Further, in S2, extracting the system real-time status parameter information and the dynamic link library information, specifically: in the process of running a program sample by a virtual machine, extracting more than two times of system real-time state parameter information and dynamic link library information according to a set time interval; the real-time parameter information comprises execution parameters corresponding to each process when the program sample is executed; the dynamic link library information comprises the occurrence number of the dynamic link library corresponding to each process when the program sample is executed.

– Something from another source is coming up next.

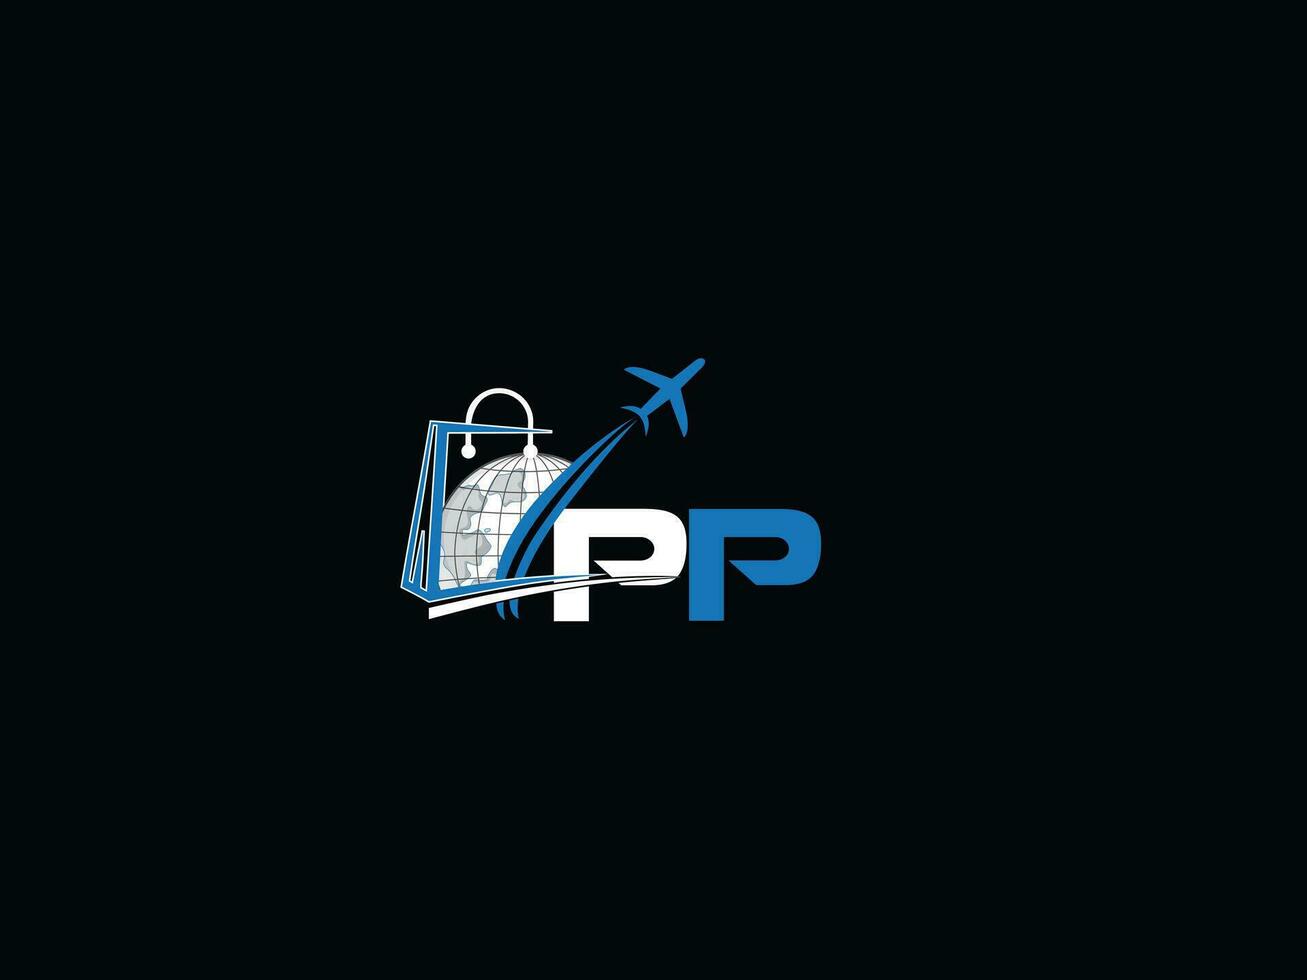 Monogram Travel Pp Logo Design, Global P Traveling Letter Logo IconaMonogram Travel P Logo Design, Global PP Traveling Letter Logo Icon vector

Further, in S3, converting the system real-time state parameter information into a system real-time parameter matrix, and extracting the digital feature information in the internal memory forensics information to convert into an internal memory forensics matrix, specifically including the following steps:

s301, counting processes contained in corresponding program samples, namely: counting the number of common processes and single processes, wherein the common processes refer to the processes which appear more than once in all program samples; a single process refers to a process that occurs only once in all program samples.

S302, determining the number of rows of the matrix as the number of the common processes plus the maximum number of single processes in all the program samples.

S303, filling data corresponding to each process into corresponding rows according to the system real-time state parameter information to obtain a system real-time parameter matrix; and extracting digital characteristic information in the internal memory forensics information, and filling the digital characteristic information corresponding to each process into a corresponding row to obtain an internal memory forensics matrix.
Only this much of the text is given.